NuSTAR Observations of the Powerful Radio-Galaxy Cygnus A

2015 
We present NuSTAR observations of the powerful radio galaxy Cygnus A, focusing on the central absorbed active galactic nucleus (AGN). Cygnus A is embedded in a cool-core galaxy cluster, and hence we also examine archival XMM-Newton data to facilitate the decomposition of the spectrum into the AGN and intracluster medium components. NuSTAR gives a source-dominated spectrum of the AGN out to >70 keV. In gross terms, the NuSTAR spectrum of the AGN has the form of a power law (Γ ~ 1.6-1.7) absorbed by a neutral column density of N_H ~ 1.6 x 10^(23) cm^(-2).
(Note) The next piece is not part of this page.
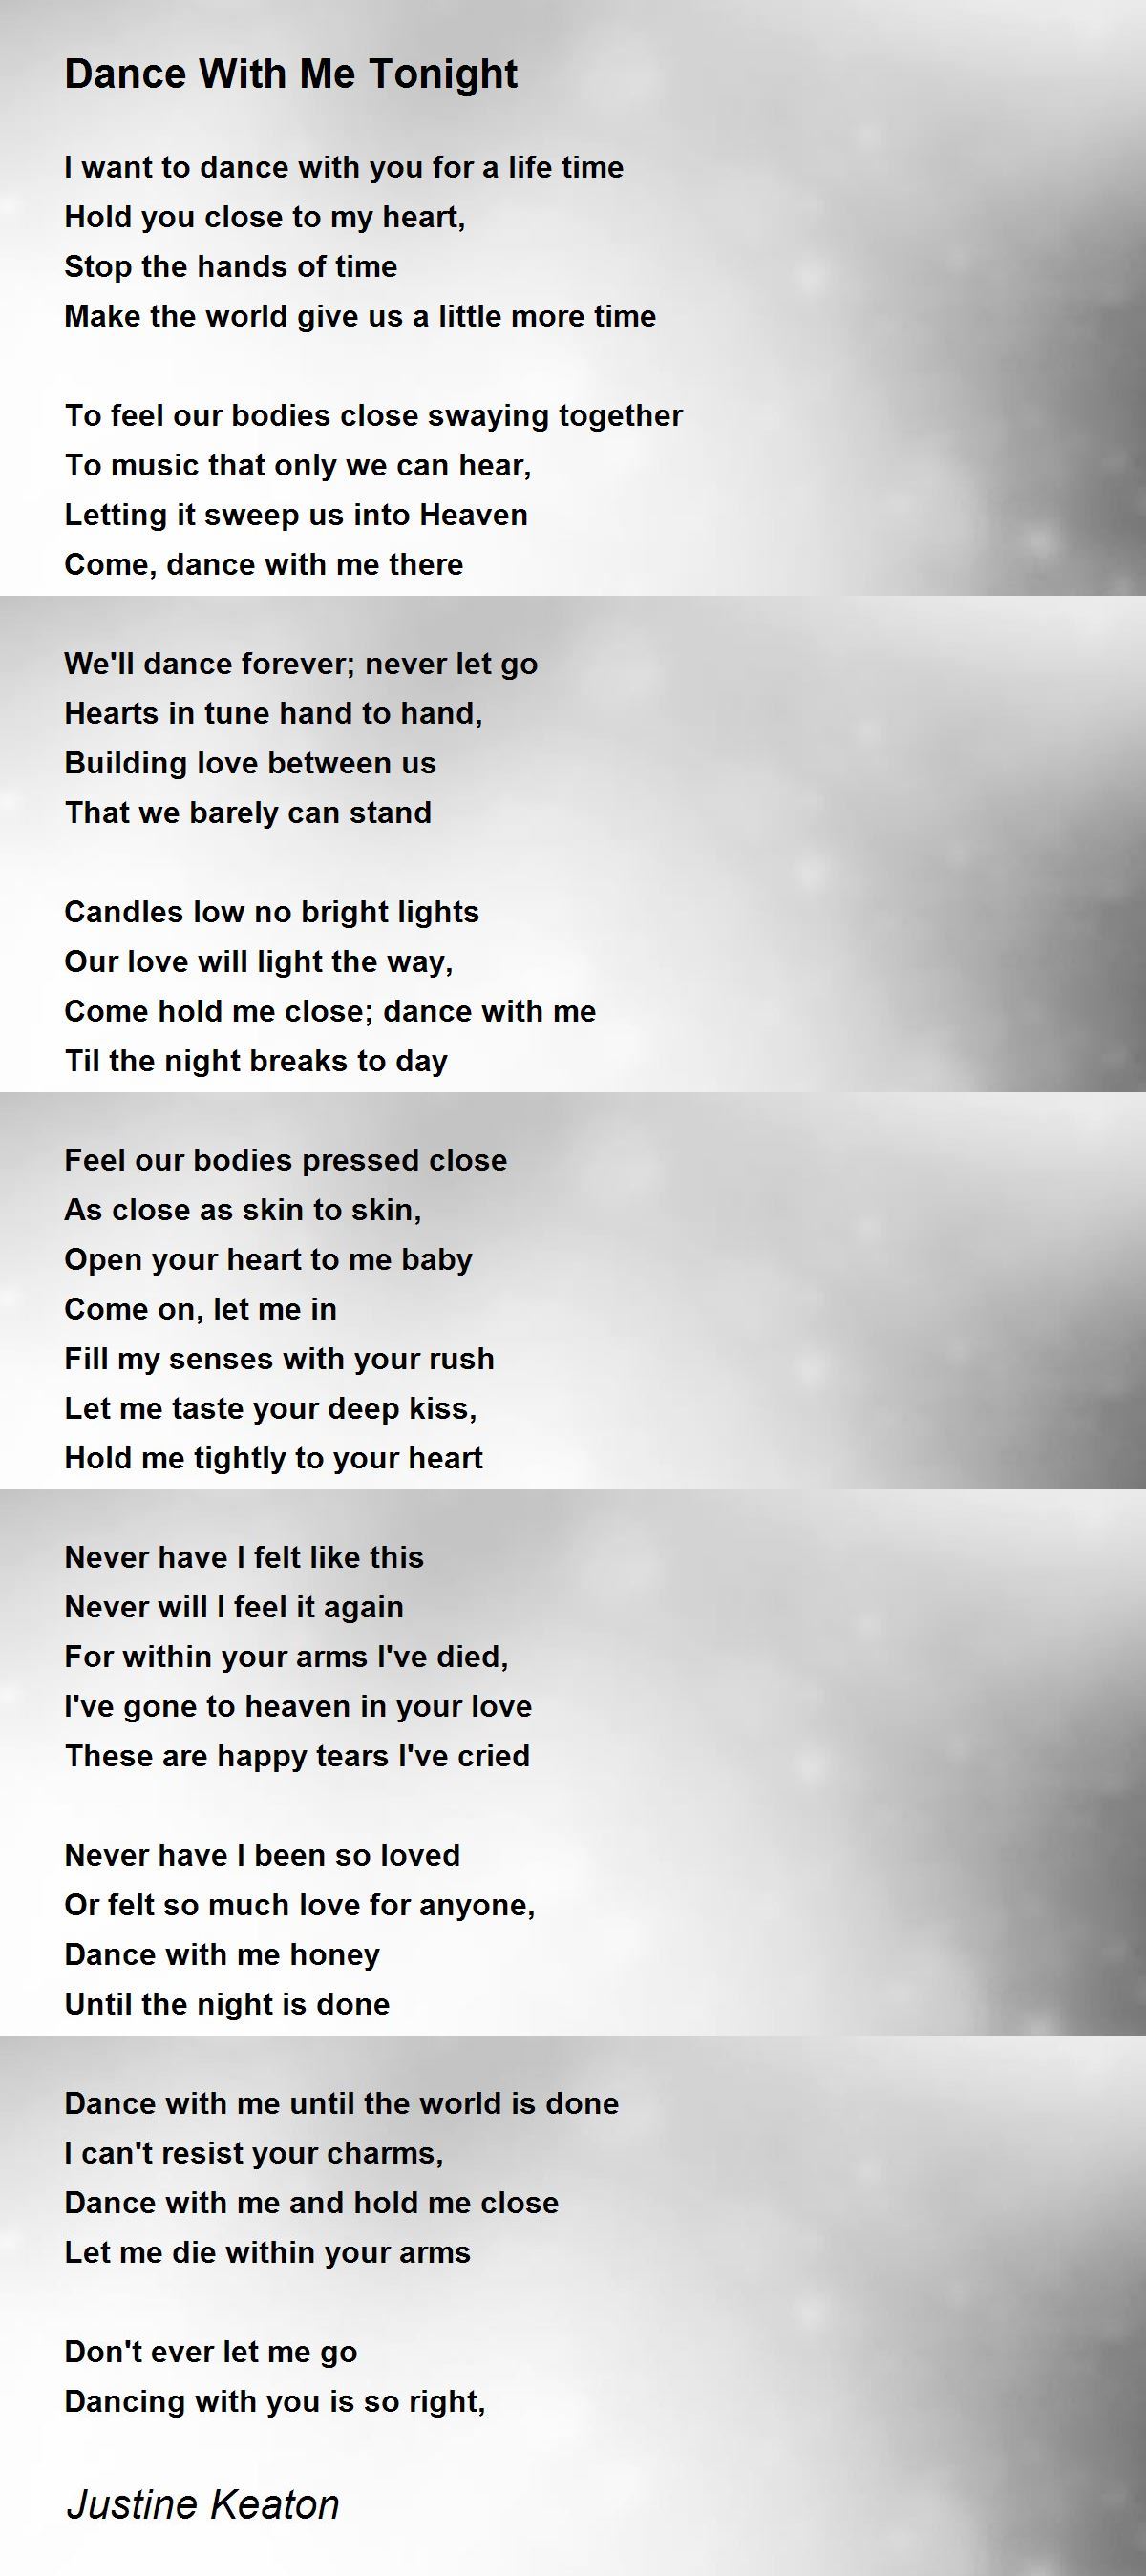 First Kiss - First Kiss Poem by Justine Keaton

However, we also detect curvature in the hard (>10 keV) spectrum resulting from reflection by Compton-thick matter out of our line of sight to the X-ray source. Compton reflection, possibly from the outer accretion disk or obscuring torus, is required even permitting a high-energy cut off in the continuum source; the limit on the cut-off energy is E_(cut) > 111 keV(90% confidence). Interestingly, the absorbed power law plus reflection model leaves residuals suggesting the absorption/emission from a fast (15,000-26,000 km s^(-1)), high column-density (N_W > 3 x 10^(23) cm^(-2)), highly ionized (ζ – 2500 erg cm s^(-1)) wind. A second, even faster ionized wind component is also suggested by these data. We show that the ionized wind likely carries a significant mass and momentum flux, and may carry sufficient kinetic energy to exercise feedback on the host galaxy. If confirmed, the simultaneous presence of a strong wind and powerful jets in Cygnus A demonstrates that feedback from radio-jets and sub-relativistic winds are not mutually exclusive phases of AGN activity but can occur simultaneously.